I’m learning to slow down—it’s a work in progress.

Many people live this way, managing daily details. They don’t want to control everything; they just want to protect their futures and families. It’s a strange form of long-term care. Often invisible and mostly exhausting. But rooted in love and survival.

I still start packing a week early, check things twice, sometimes three times. I don’t rush like I used to, but the feeling is still there inside my head. That old sense that something might fall through if I’m not on top of it. It’s hard to shake when you’ve lived that way for most of your life.

The lyric “Ah, but I was so much older then, I’m younger than that now.” from Bob Dylan’s song “My Back Pages,” became my back pages—the older version of me.

My older self was obsessed with productivity and getting it all done.  I learned to let go of the pressure, the lists, the need to prove I could do it all.  Dylan wrote the words when he realized he used to think he knew everything. Then he saw how little he really knew. He loosened up, embraced uncertainty. Then he felt younger.   

That line stays with me. Back then, I thought I had to hold everything together. I was serious, determined, and always on alert. I planned ahead, took on too much, and didn’t know how to let go.

And what might Dylan think of Joanna Field? He might say, Yeah, she saw the trap too, unlearned the noise.  She walked out the side door, leaving the plans, the pressure, the push to matter, behind. She got younger, same as me.

Looking back, here’s what I’d tell my younger self:

  1. The To-Do List Trap. Split your list, “must-do” and “can-wait.” Do fewer things better. Don’t confuse useful with busy.
  2. Prepare Without Pressure. Prep early to stay calm. Trust it’s enough.
  3. Stay Connected. Reach out now and then—a short note, a kind word. No pressure. Small care, over time, builds lasting bonds.

I also try to do these things to help me stay focused on what matters. It’s impossible to clear your schedule—but you can shift your focus. Here is what I try to do:

  1. Let Go of One Thing. Cross one thing off your To-Do List. See if you can keep from doing it. That’s how you make room for things that matter more.
  2. Keep the Main Thing Visible. Stephen Covey is famous for, “The main thing is to keep the main thing the main thing.” Write it down. Put it where you’ll see it. This teaches you to know what matters most and protect it from distraction.

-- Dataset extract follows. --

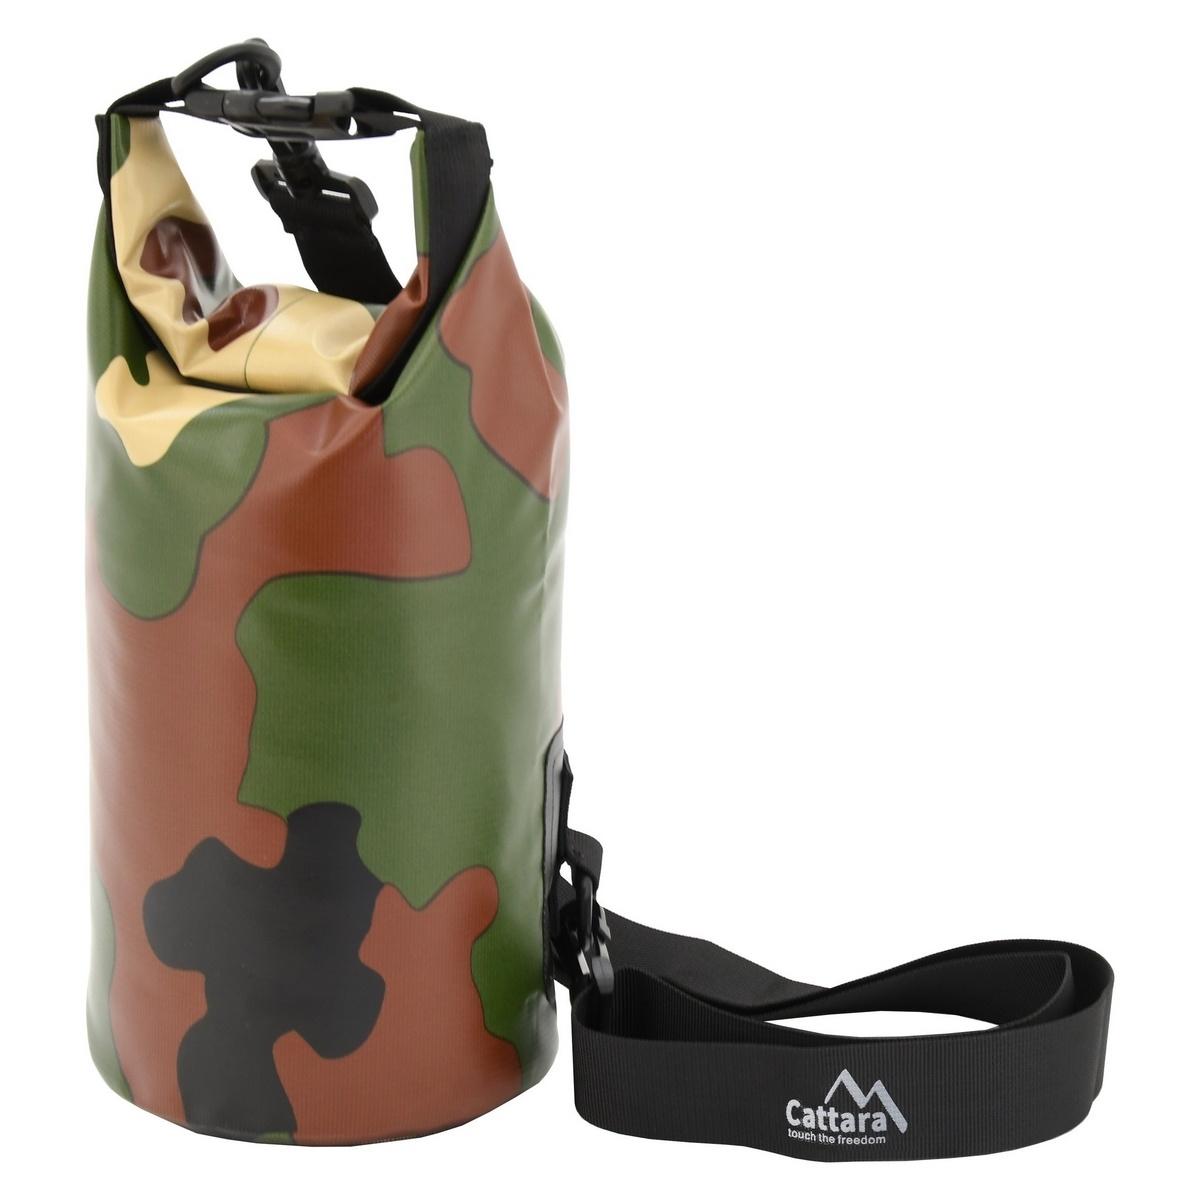 Cattara Voděodolný vak Dry bag, 3 l

I used to be older in all the wrong ways—tense, overprepared, stretched too thin. Like Dyan, I now try to be younger where it counts—more open, present, and human.

Live to Matter

Slowing down showed me something. The big stuff fades. The small stuff stays. Not the plans, not the titles. Just who you are. I saw it clearly at my husband’s funeral. They didn’t talk about what he did—electrical contractor, served as vice president in his national organization, and was inducted into the academy, the highest honor a contractor can receive.

Instead, they talked about who he was. Calm under pressure, always rewarded good service with big tips, played SantaPa for the holidays. A man who listened more than he spoke. Who showed up when you needed help.

It reminded me that people don’t care how much you know until they know how much you care.  That was him. That’s what lingers.

I used to think I had to be ready for everything. Urgency kept me sharp and helped me get things done. But now I see it’s a habit. The world doesn’t fall apart when I pause. It keeps going.

I thought leaving a legacy was only for people who did big, important things. Now I think it’s made of small things. The way you listen. The way you show up. The things that seem like nothing—until they’re gone.

Joanna Field figured this out early. She stopped chasing happiness as if it were something to earn from going places and doing things. She paid attention to the in-between moments. She noticed her life instead of trying to solve it.

My going and doing, as Dylan said, “deceived me into thinking I had something to protect.” But, in the end, it’s not what we’ve done but who we’ve been. That’s the story that lasts.